Yeah I bet once you get the stack up and running, as well as smooth out the inevitable early adopter bugs of lit-html, you'll have a great experience. The subtext of this was my friend constantly telling me easy and simple it'd be versus React. When in fact each stack has its tradeoffs and incidental complexity.
lit-html has been used in production for over 2 years now, on sites with billions of page views a day. At this point no one new to it would be an early adopter :)
The issue with module loading is a pretty fundamental one, though pretty unrelated to web components.
Once you understand it, there are a large number of tools that make them work. The core problem is that most modules available on npm are written with import specifiers that assume the environment supports Node's module name result. Browsers don't, so it won't load something like `import * as redux from 'redux';`
The solution is a tool that transforms package names into URLs.
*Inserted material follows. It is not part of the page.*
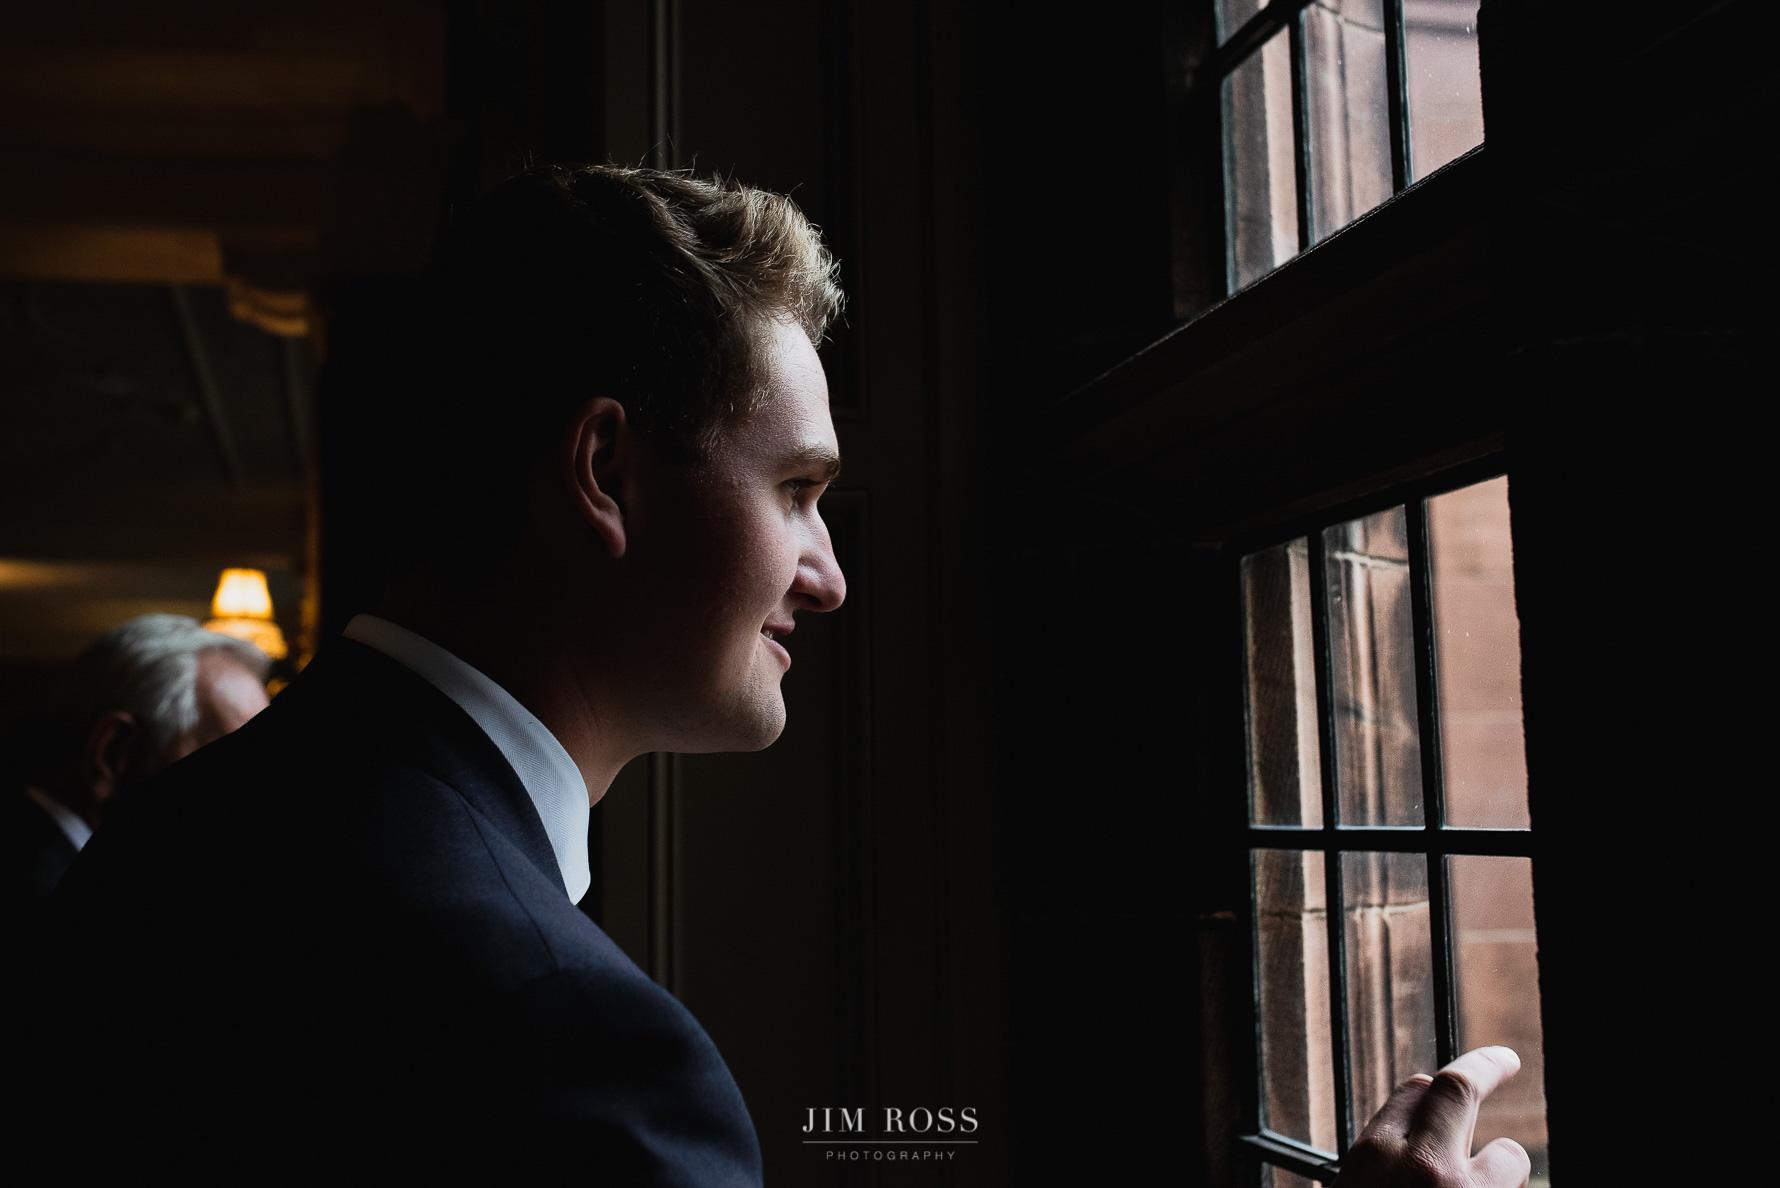 Peering through historic window

Webpack, Rollup, Parcel, es-dev-server, Snowpack, Vite, unpkg.com, Polymer CLI, and many more do this for you.
More and more of the ecosystem is moving to native modules and we're all going to have to understand this issue.
ReasonReact has been used in production for 3 years now, with billions of page views a day. I'd still call it immature in many^[1] regards :D
The particular point of this project was to prove that each successive simplification that my friend proposed, i.e. avoiding Webpack for native ES6 modules, using lit-html instead of React, etc. introduced its own complexity. I'm not saying that these were all bad ideas, but just that they're fundamentally tradeoffs. I'm quite sure lit-html is a great stack. But it's not "better" than React any more than React is "better" than Angular.
[1]: Lack of async/await, or its equivalent, let+ in OCaml 4.08, is a big one. Mediocre typings for browser APIs is another.